Print the data exactly. Pictures stay out.

== Collected material ==

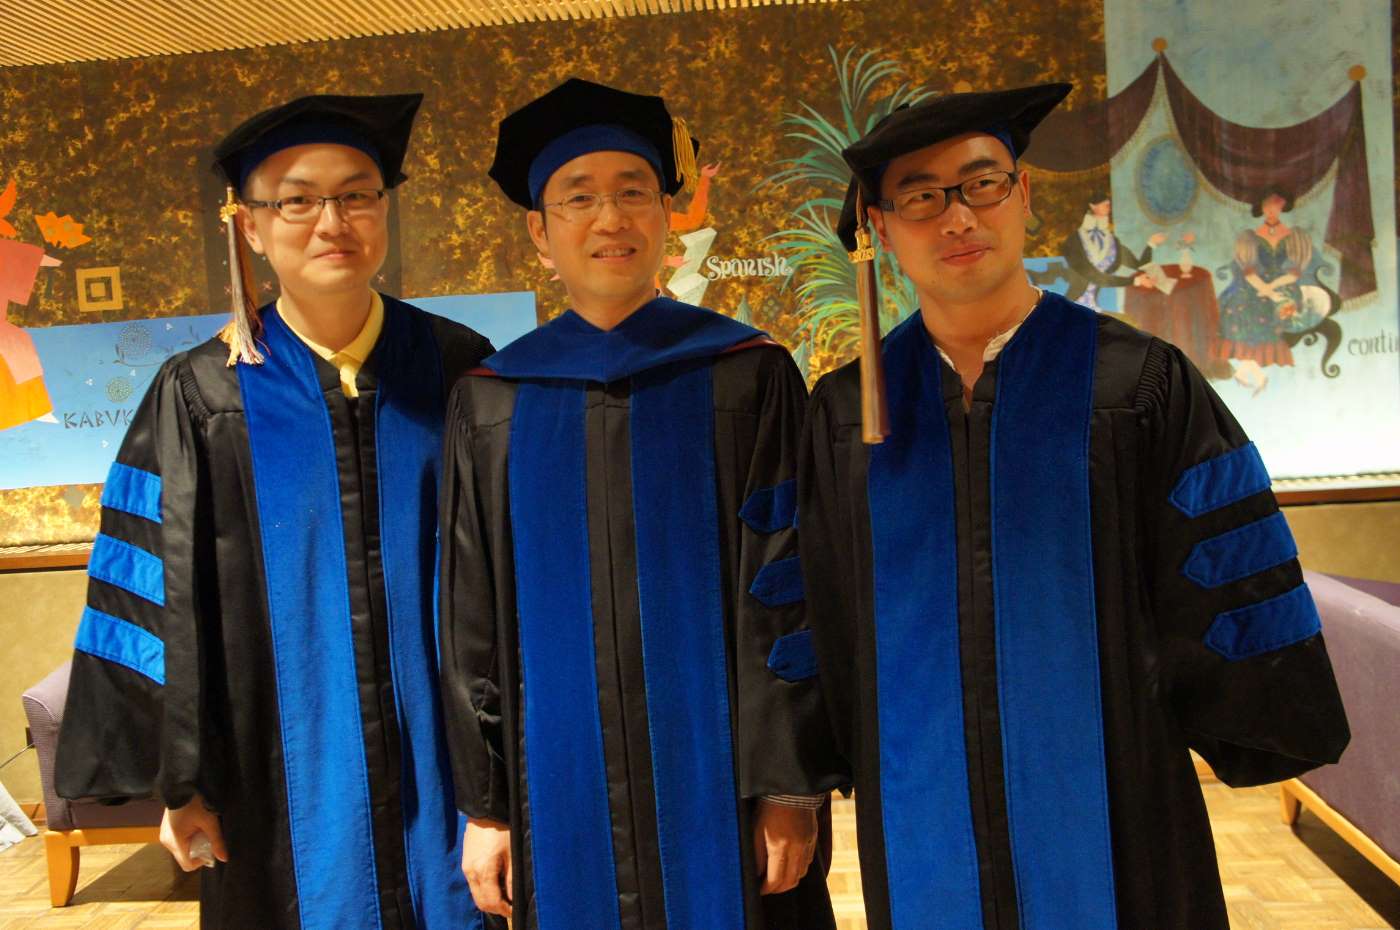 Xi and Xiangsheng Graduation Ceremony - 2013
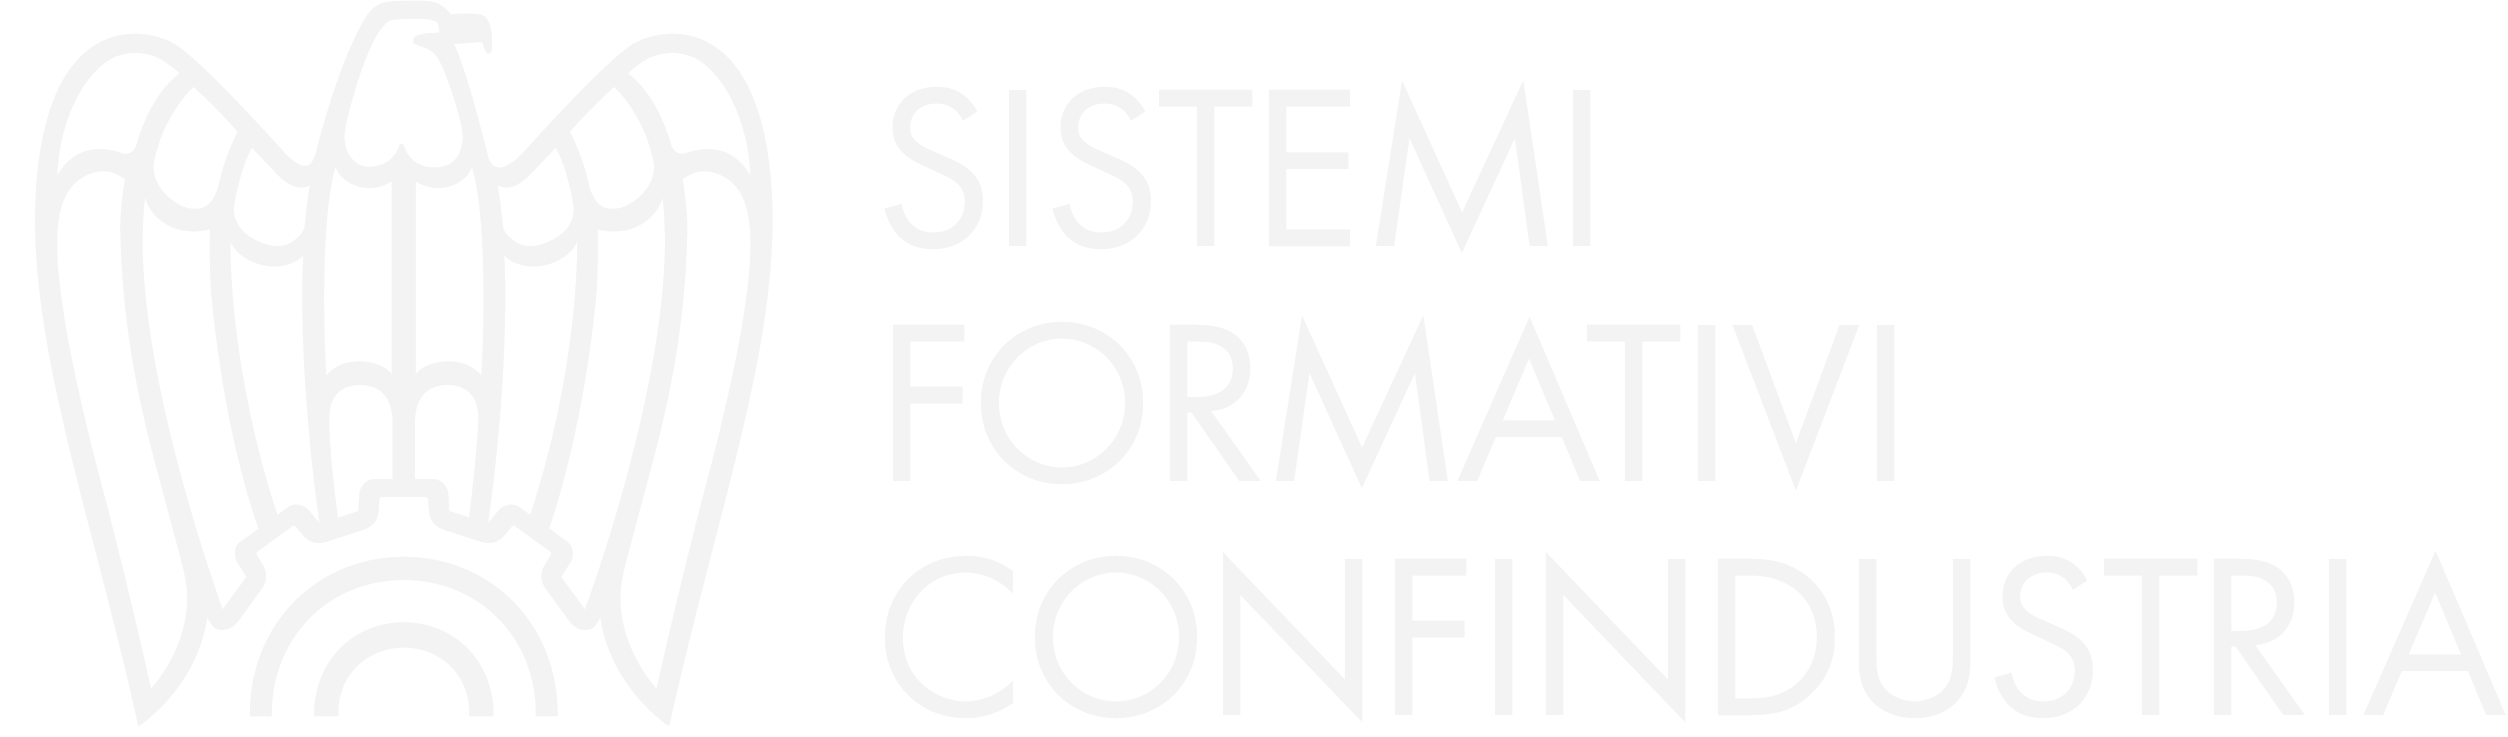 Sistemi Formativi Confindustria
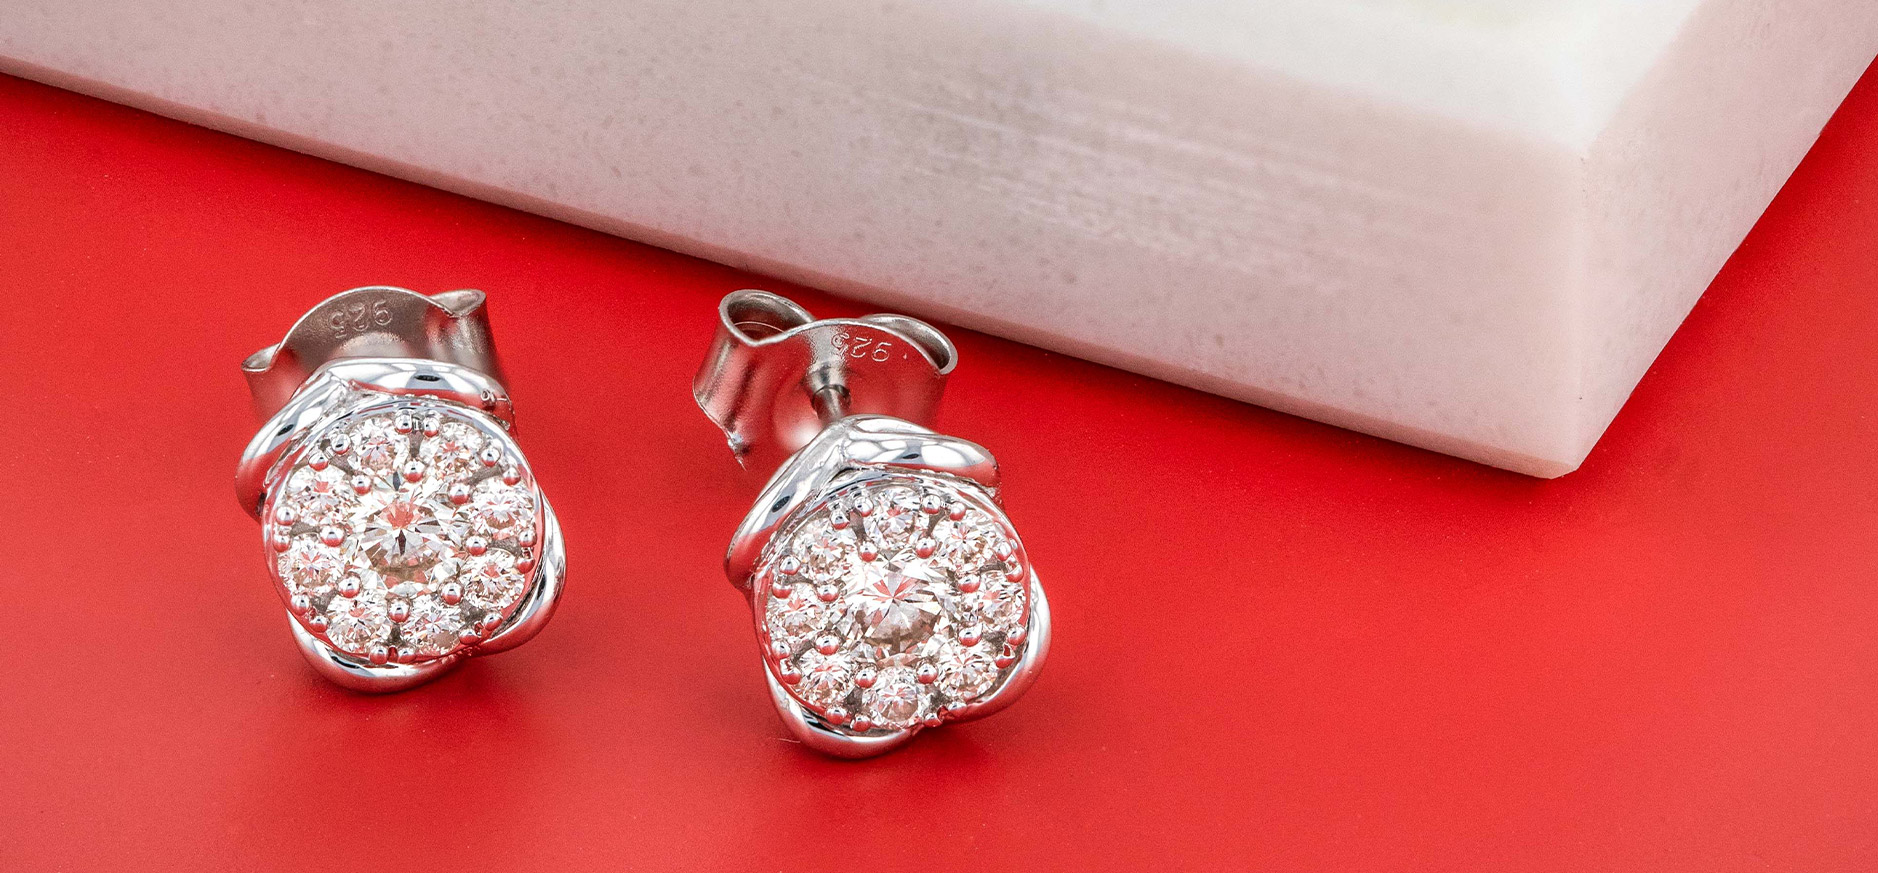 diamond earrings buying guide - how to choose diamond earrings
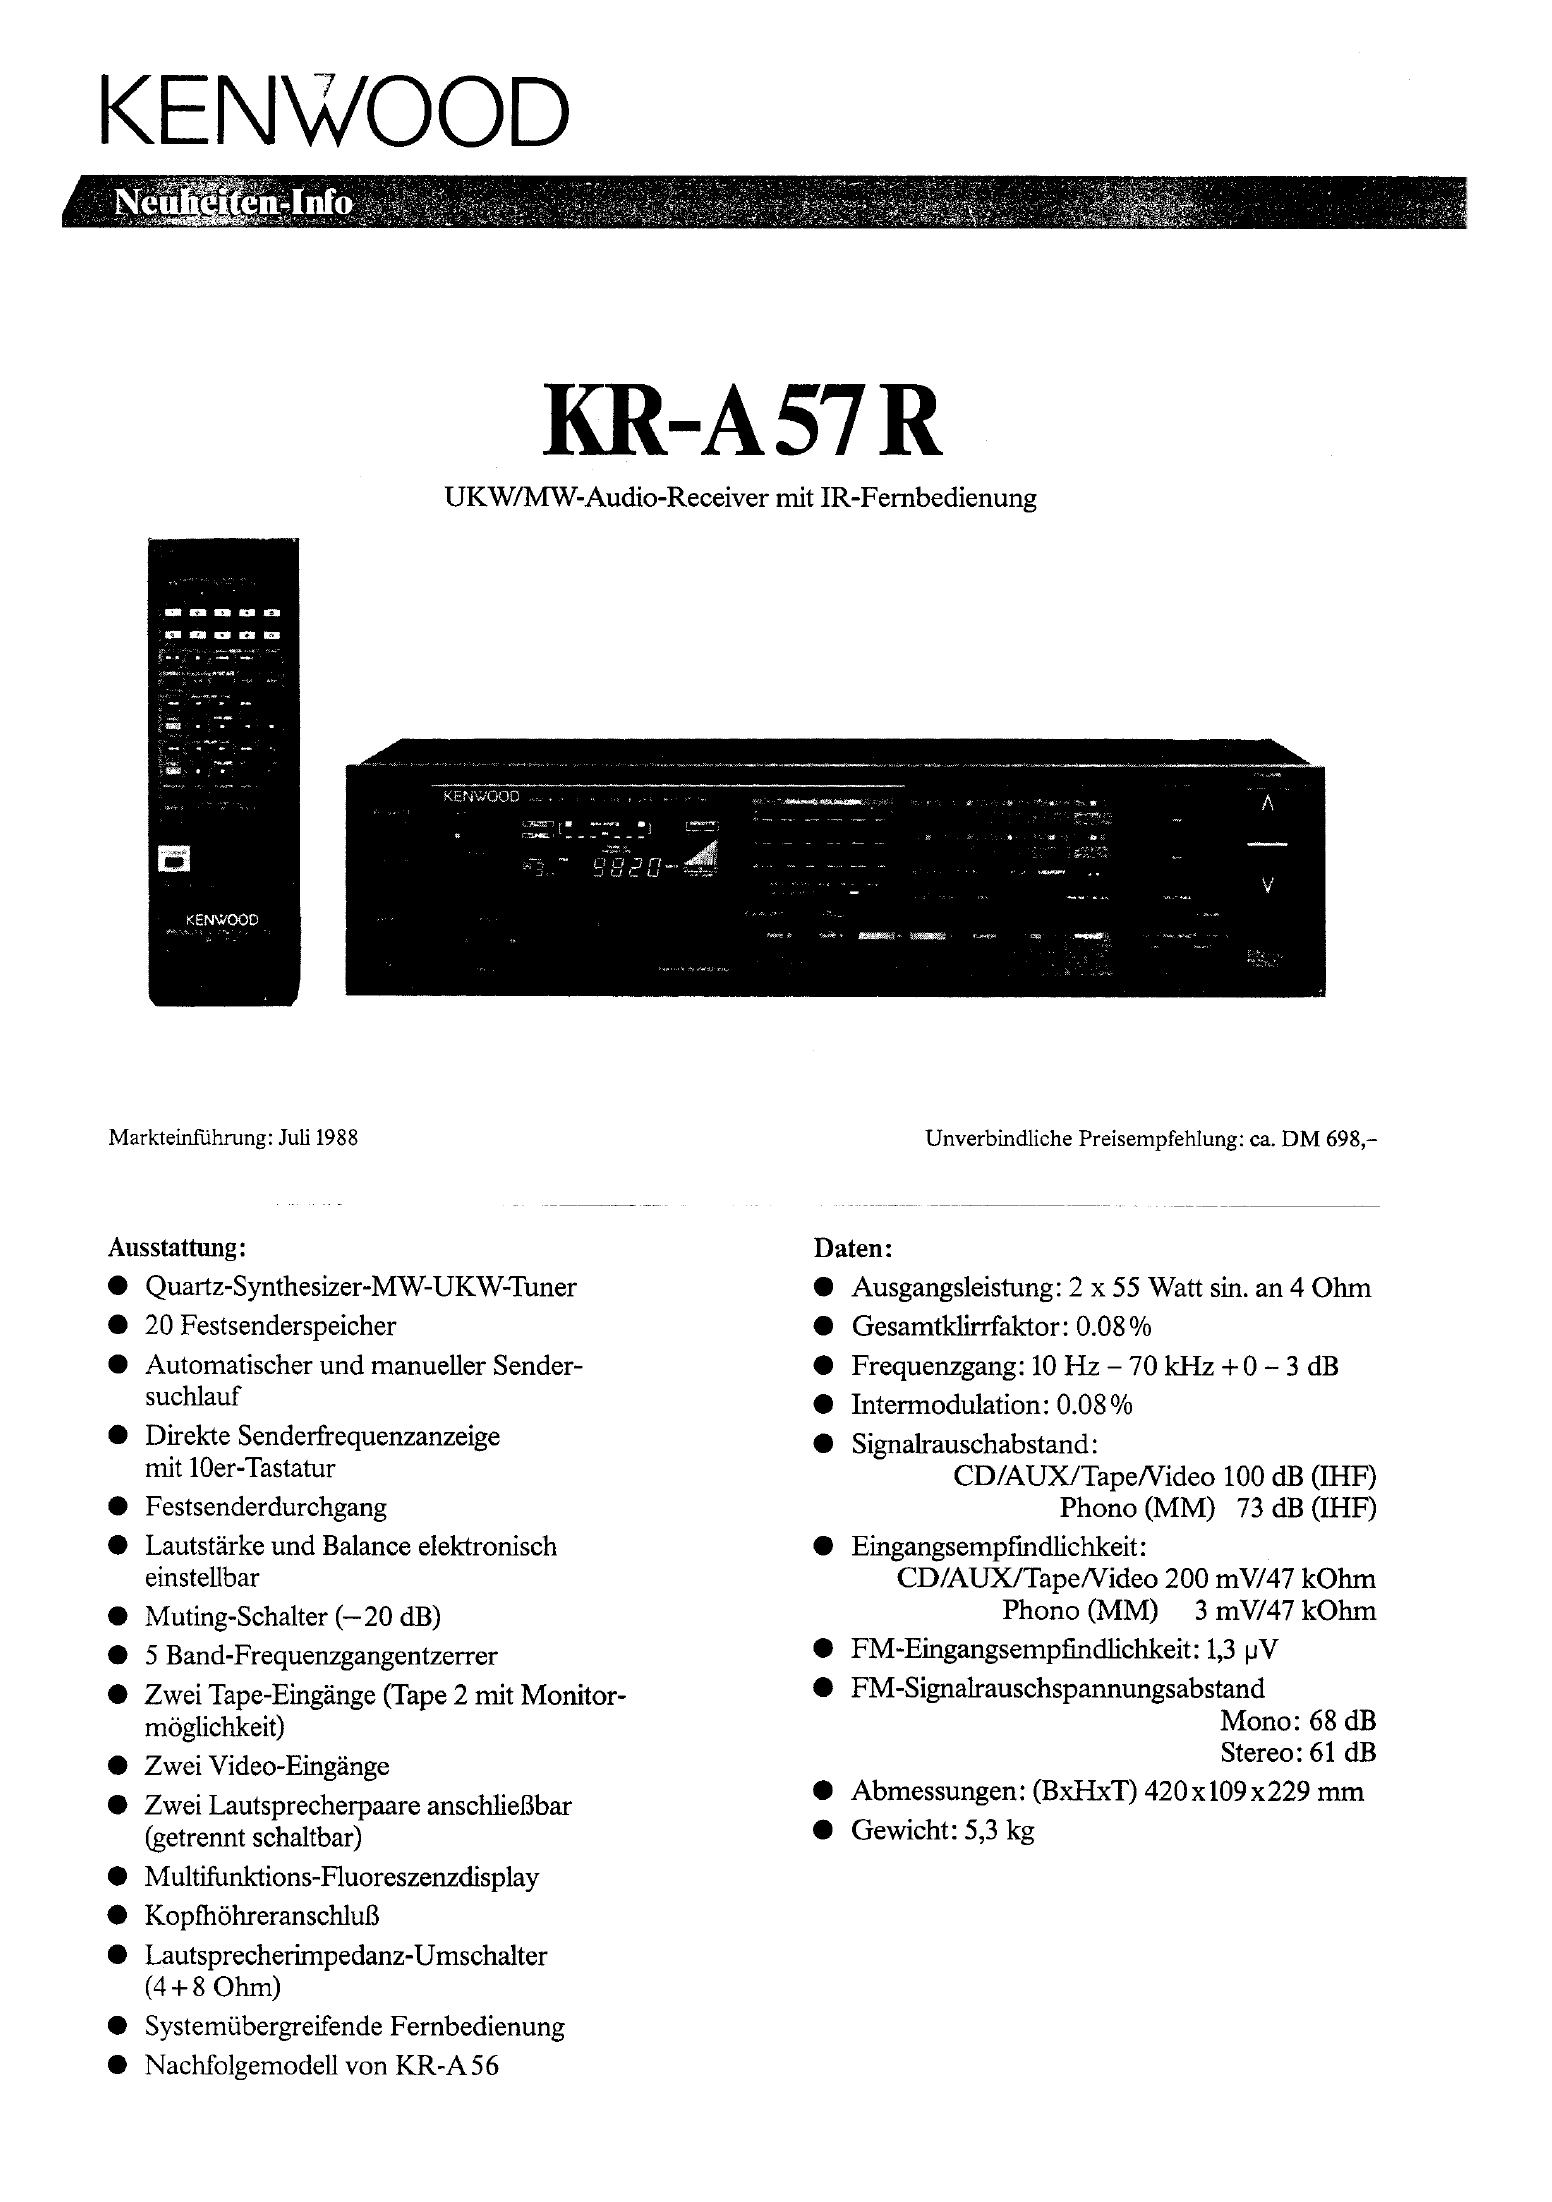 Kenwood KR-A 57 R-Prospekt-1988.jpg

===

Solution below
 Xi and Xiangsheng Graduation Ceremony - 2013
 Sistemi Formativi Confindustria
 diamond earrings buying guide - how to choose diamond earrings
 Kenwood KR-A 57 R-Prospekt-1988.jpg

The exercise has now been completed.